> [Provided data]
Content starts

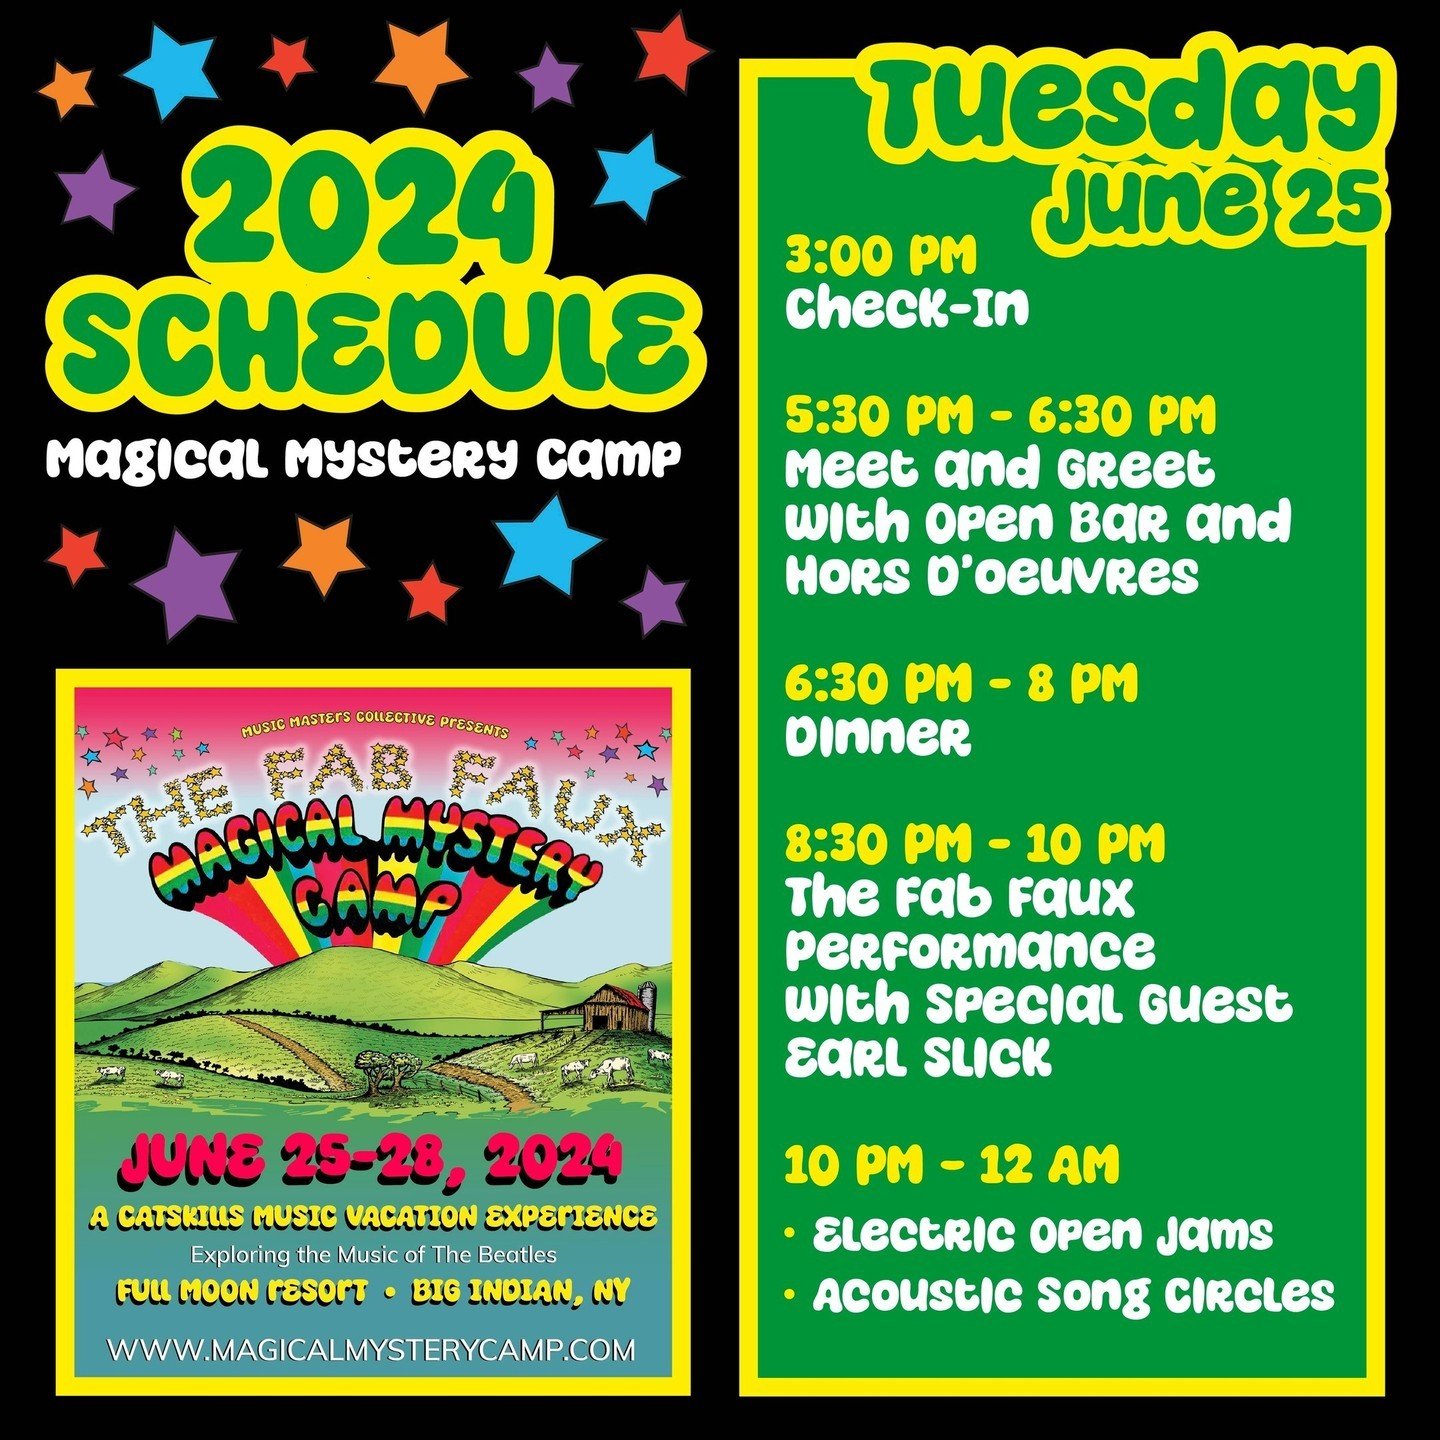 Magical Mystery Camp is just over a month away! Let's kick off the summer by sharing our love for the music of the Beatles 🌈 ⁠
⁠
The schedule is packed with more jam time, more masterclasses, more performances, and tons of fun. There are a few spots

Content ends

> [Directions for this task]
Copy the material verbatim. The pictures are not part of the copy.

> [The answer]
 Magical Mystery Camp is just over a month away! Let's kick off the summer by sharing our love for the music of the Beatles 🌈 ⁠
⁠
The schedule is packed with more jam time, more masterclasses, more performances, and tons of fun. There are a few spots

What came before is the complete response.